James M. Cain
James M. Cain, conceded by many writers and critics to be one of the most influential of America's popular authors, is remembered primarily for his four controversial novels of the 1930s and '40s--The Postman Always Rings Twice, Double Indemnity, Serenade, and Mildred Pierce. However, Cain was essentially a writer of short fiction. This is confirmed when we recall that two of the above stories--Postman and Double Indemnity, which Ross MacDonald described as "a pair of American masterpieces"--are really novellas, barely qualifying as full-length works of fiction.
Probably no one was more surprised at the worldwide reaction to The Postman Always Rings Twice when it was published in 1934 than its author, James M. Cain. His little novel rocked readers and critics as they had never been rocked before. Cain had described Postman simply as being about "a couple of jerks who discover that murder, though dreadful enough morally, can be a love story, too, but then wake up to discover that once they've pulled the thing off, no two people can share this terrible secret." It was his favorite theme, which he had already developed in his 1928 short story "Pastorale" and would use again in his 1936 Liberty Magazine serial, Double Indemnity. Cain, who was 42 when Postman was published, thought the book might sell a few thousand copies, if he was lucky, and maybe he would have another idea for a novel.

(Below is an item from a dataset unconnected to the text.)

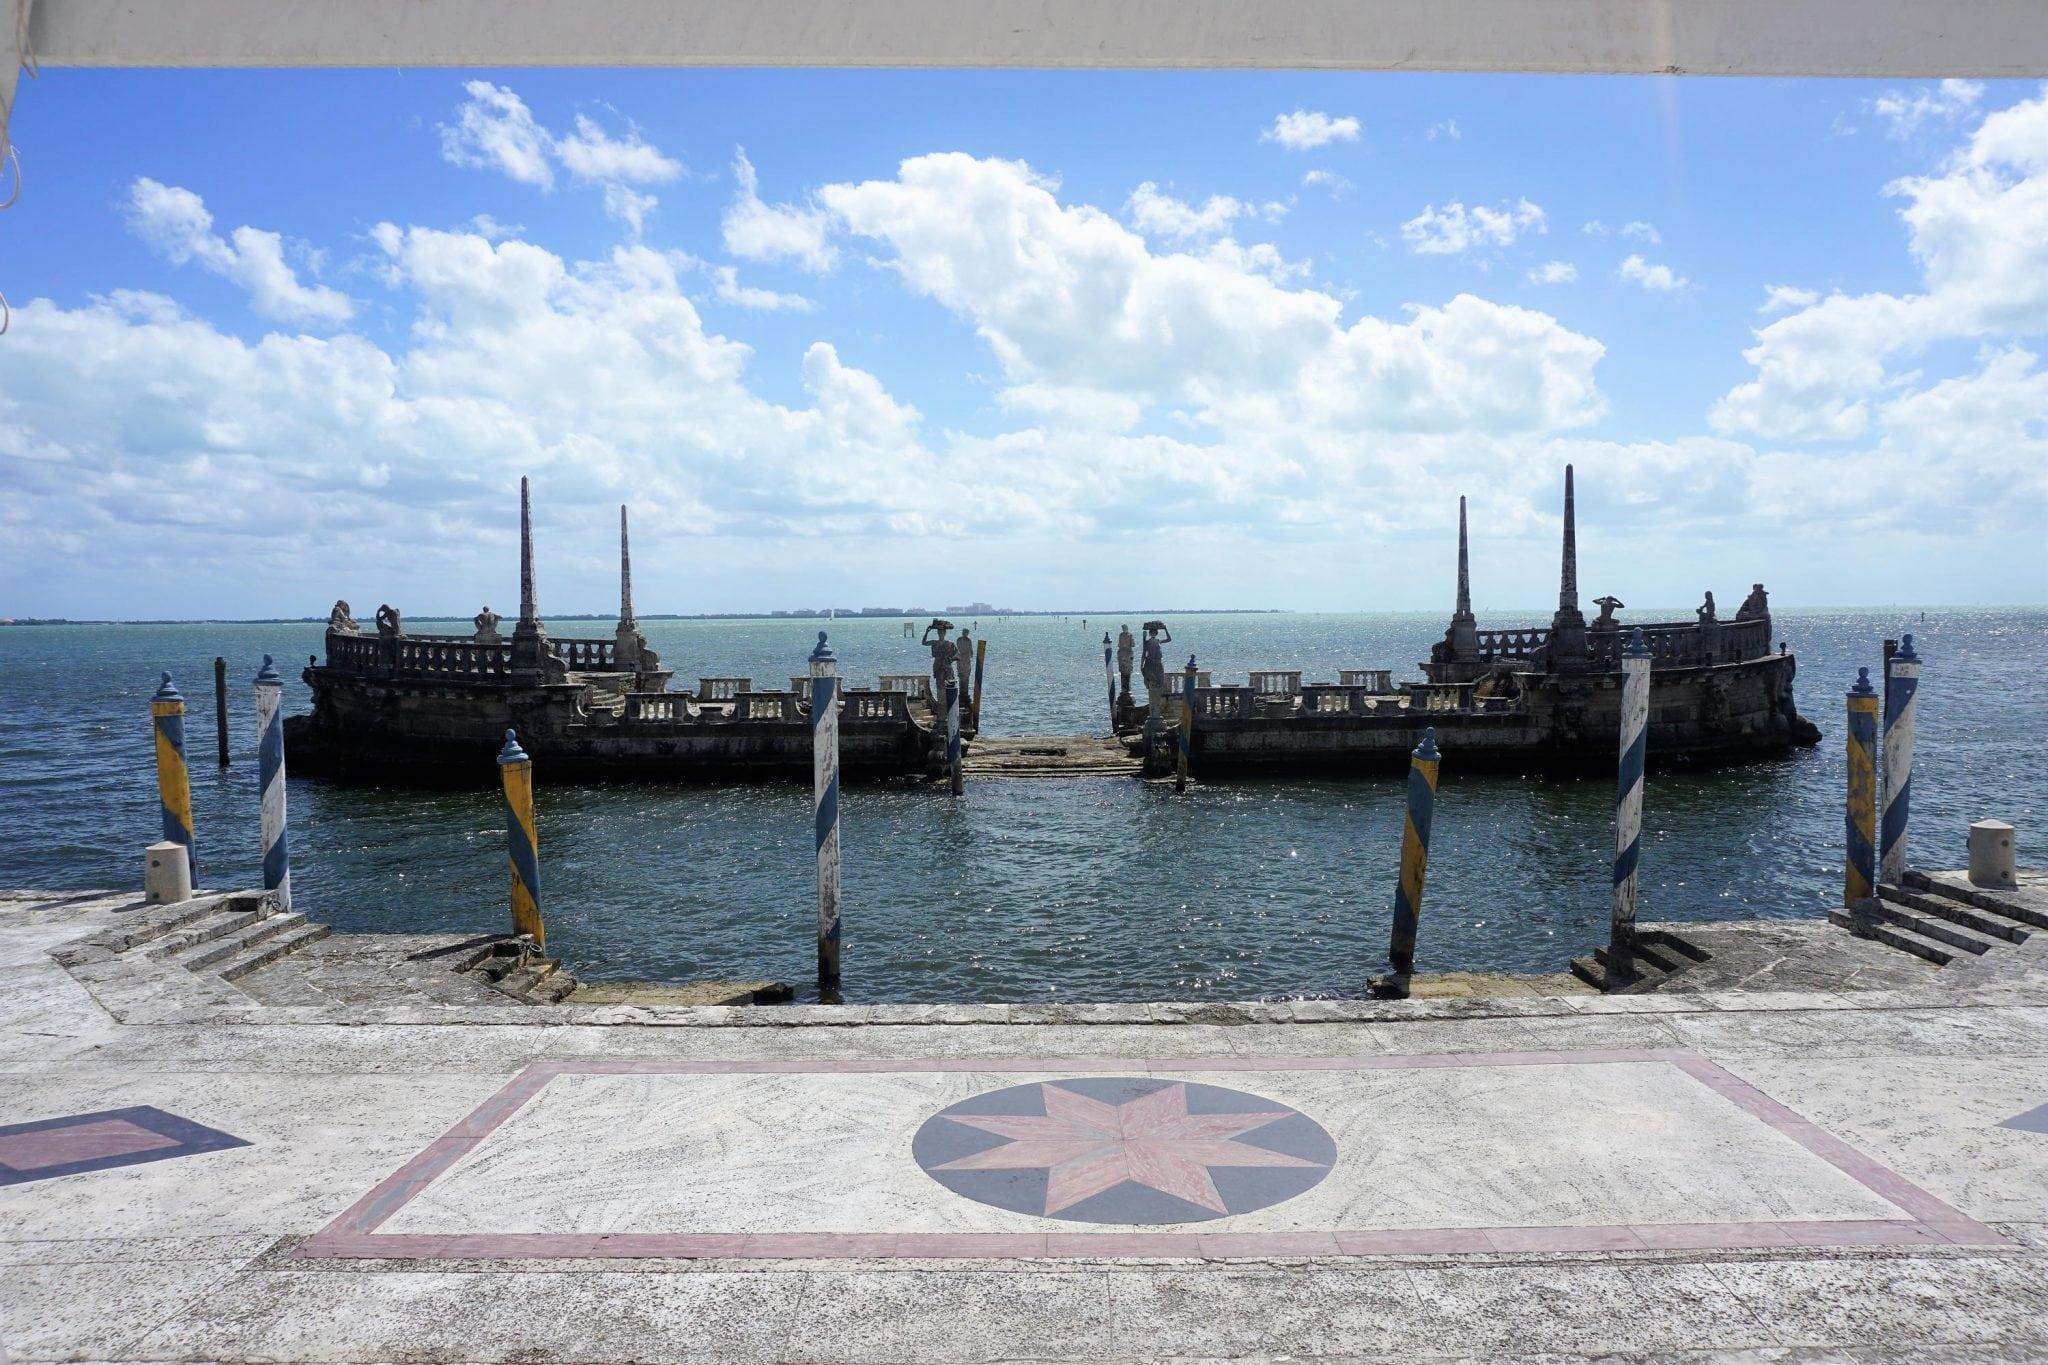 Nowegian Getaway Cruise Review
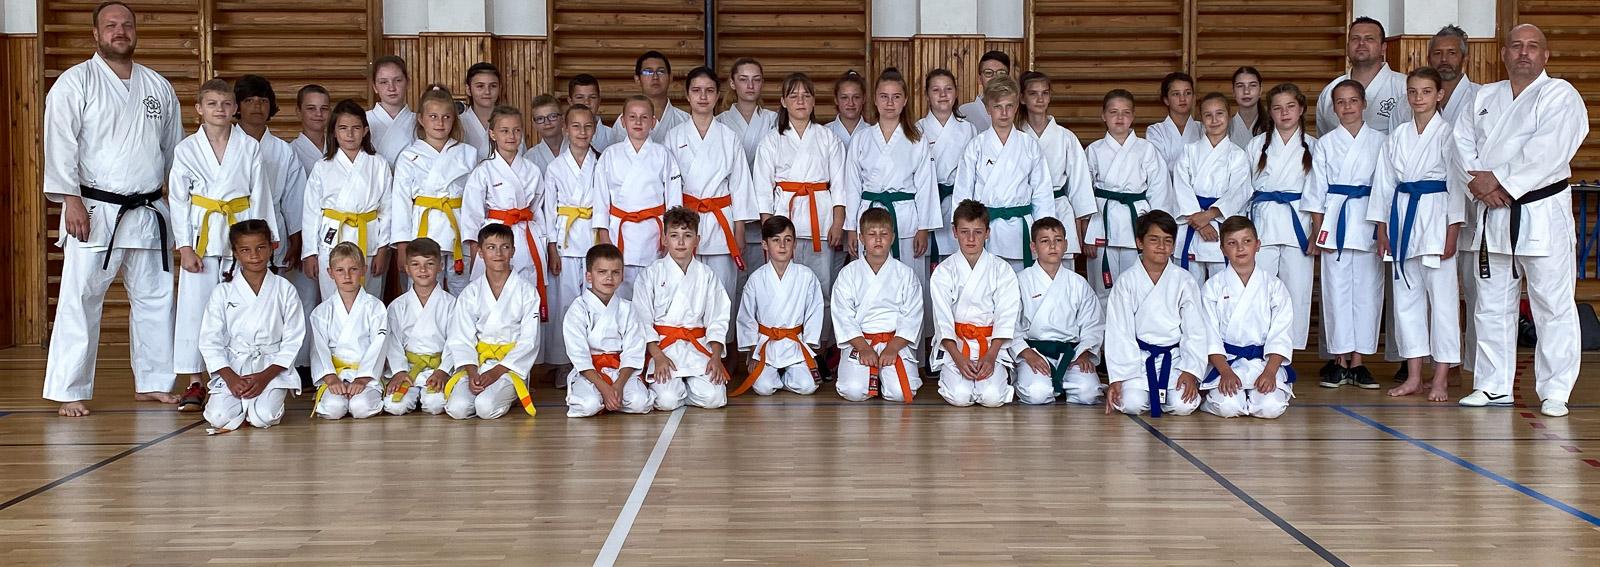 https://karate-slovakia.sk/wp-content/uploads/2021/01/talentovana-mladez.jpg

But Postman was that rare achievements literary success that was also a best-seller which kept on selling and selling around the world and down through the years. It was also bought immediately by Hollywood (although MGM would have to wait 10 years before liberalized censorship laws would permit a filmable script for The Postman Always Rings Twice) and made into a Broadway play (by Cain), and it became one of the first big paperback best-sellers. (The film version of Double Indemnity was made in 1944--two years before Postman.) Altogether, thirteen movies were made from his stories, including Mildred Pierce, which won an Academy Award for Joan Crawford in 1945.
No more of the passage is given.